FYI. Just guessing from reading the docs, not tested for real yet. But I'm going there my self in the near future...

Ginsengelf
20th July 2015, 08:03
Hi, maybe QKeySequence (Qt::CTRL | Qt::Key_P) works.

Ginsengelf

jmg227
24th March 2017, 15:37
I just saw this question and I have had the same problem. The problem is resolved by installing multiple translators - one for your application and one for qt. I created a setLanguage() method for my application class that loads both of these translators:


void DwbApplication::setLanguage(QLocale locale)
{
if (m_qtXlator.load(locale, QLatin1String("qt"), QLatin1String("_"), QLatin1String(":/qtTranslations")))
{
installTranslator(&m_qtXlator);
}
if (m_dwbXlator.load(locale, QLatin1String("dwb_lang"), QLatin1String("_"), QLatin1String(":/translations")))
{
installTranslator(&m_dwbXlator);
}
}

In my case, I support English and German and I included qt_de.qm and qt_en.qm in a qtTranslations folder in my resource file. What's most important is that the application can find the file at runtime when it loads the translator.

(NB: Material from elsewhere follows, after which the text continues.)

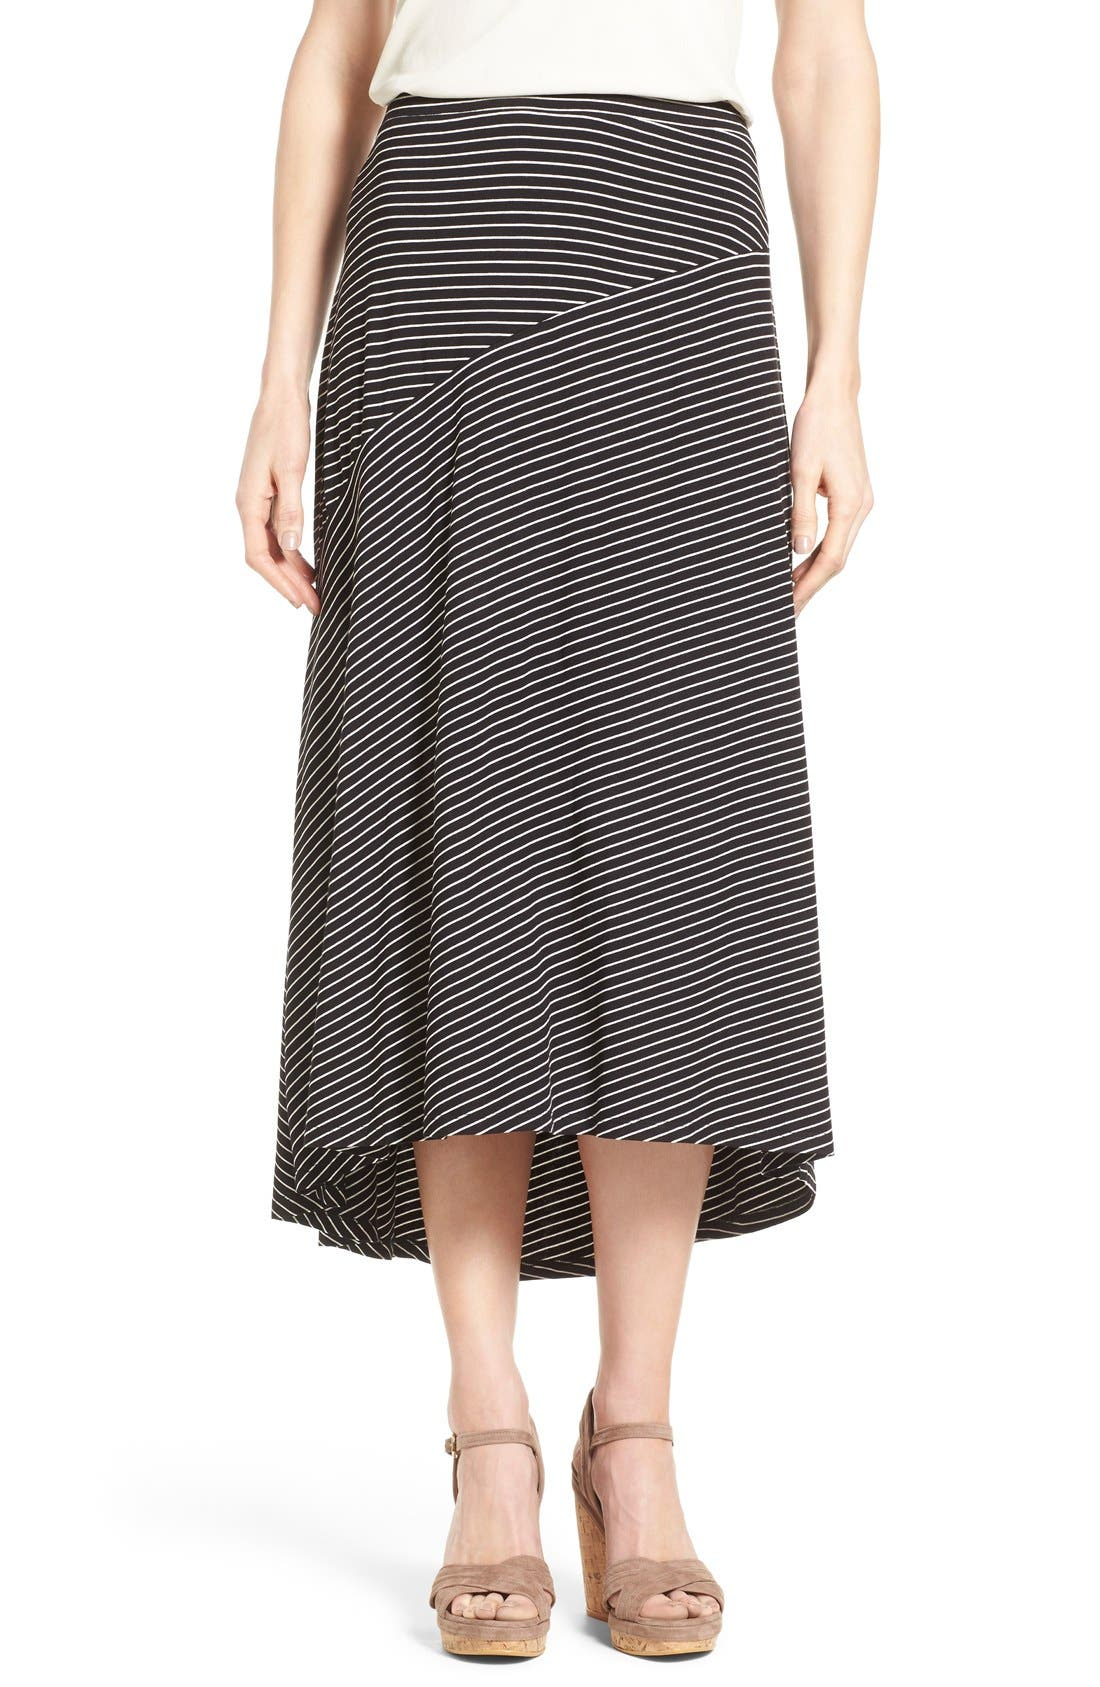 Alternate Image 1 Selected - Chaus 'Pool Stripe' Asymmetrical Maxi Skirt

The qt_xx.qm files can be found in the translations folder under your compiler toolchain folder, e.g. C:\Qt\Qt5.8.0\5.8\mingw53_32\translations in Windows (when Qt is installed in C:\Qt) or /opt/Qt/5.8/gcc_64/translations in Linux (when Qt is installed in /opt/Qt).

I hope this helps.

Jim

jmg227
24th March 2017, 15:51
There is one thing I forgot to mention in my previous post and this may be your issue since you are loading the Qt UI files.

If you look at the Qt translation files, (I'm running on windows so they are in C:\Qt\Qt5.8.0\5.8\mingw53_32\translations), you will see that qt_de.qm is suspiciously small. In fact, the Qt Linguist Manual (http://doc.qt.io/qt-5/linguist-programmers.html) states:
In Qt 5, the .qm files were split up by module and there is a so-called meta catalog file which includes the .qm files of all modules. The name of the meta catalog file is identical to the name of Qt 4's monolithic .qm file so that existing loader code works as before provided all included .qm files are found.

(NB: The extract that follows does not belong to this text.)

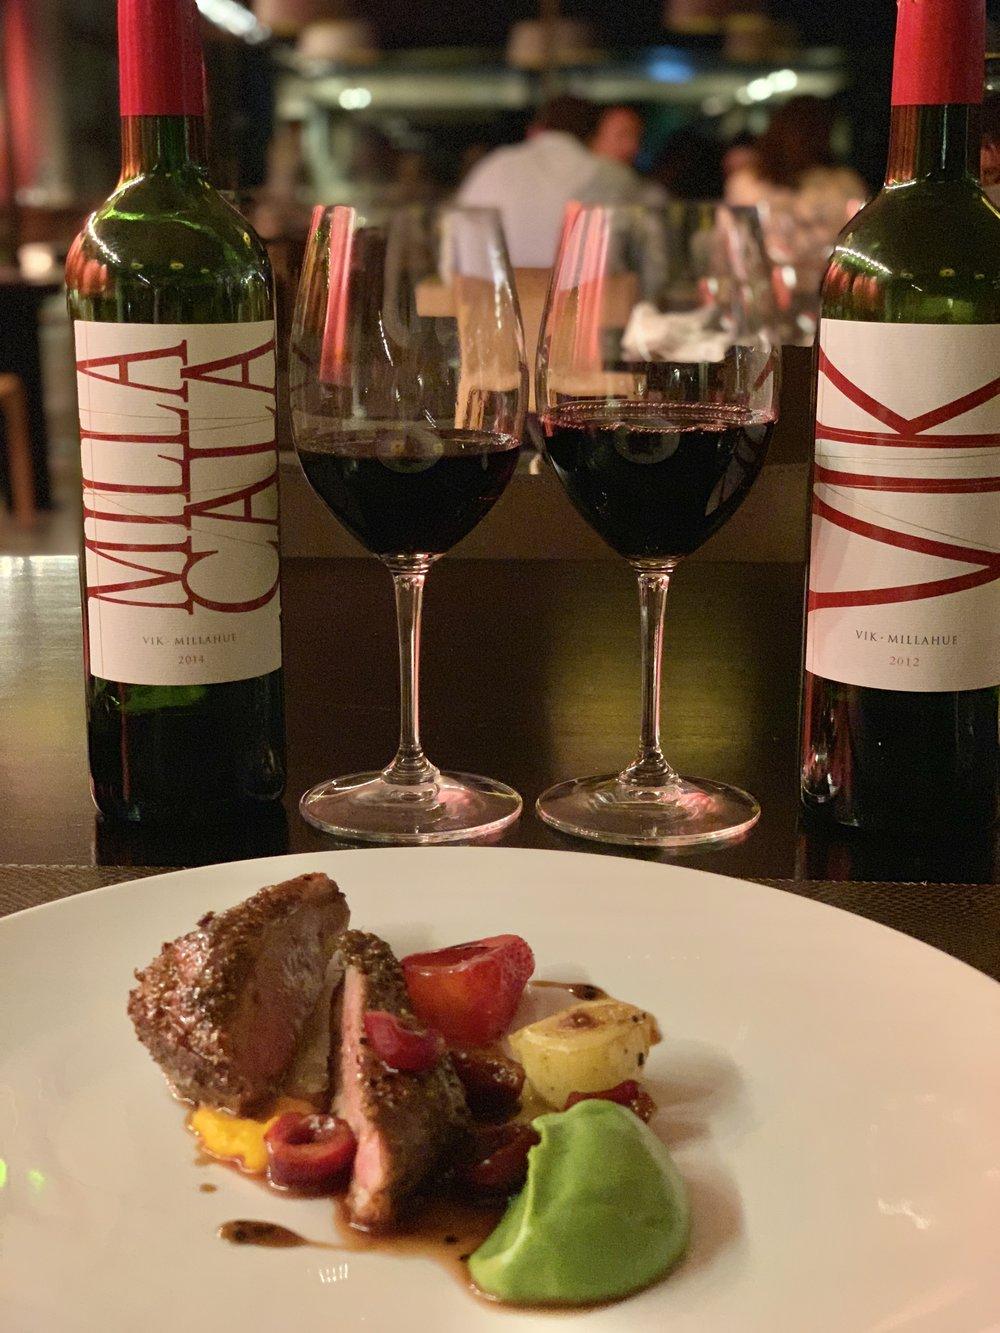 Vina VIK | VIK Retreat | Millahue | Chile

A solution is to use lconvert to build your own qt_de.qm that contains the strings for the modules that you need, for example,

lconvert -o installation_folder/qt_de.qm qtbase_de.qm qtdeclarative_de.qm
This can then be added to your resource file and QTranslator can load it without any problem.

An alternate solution is to put all of the .qm files for Qt (assistant_cs.qm, assistant_da.qm, assistant_de.qm, ...) into your resource file. Then when you load the meta-file, qt_de.qm, it will load fine because it will find all the files it references.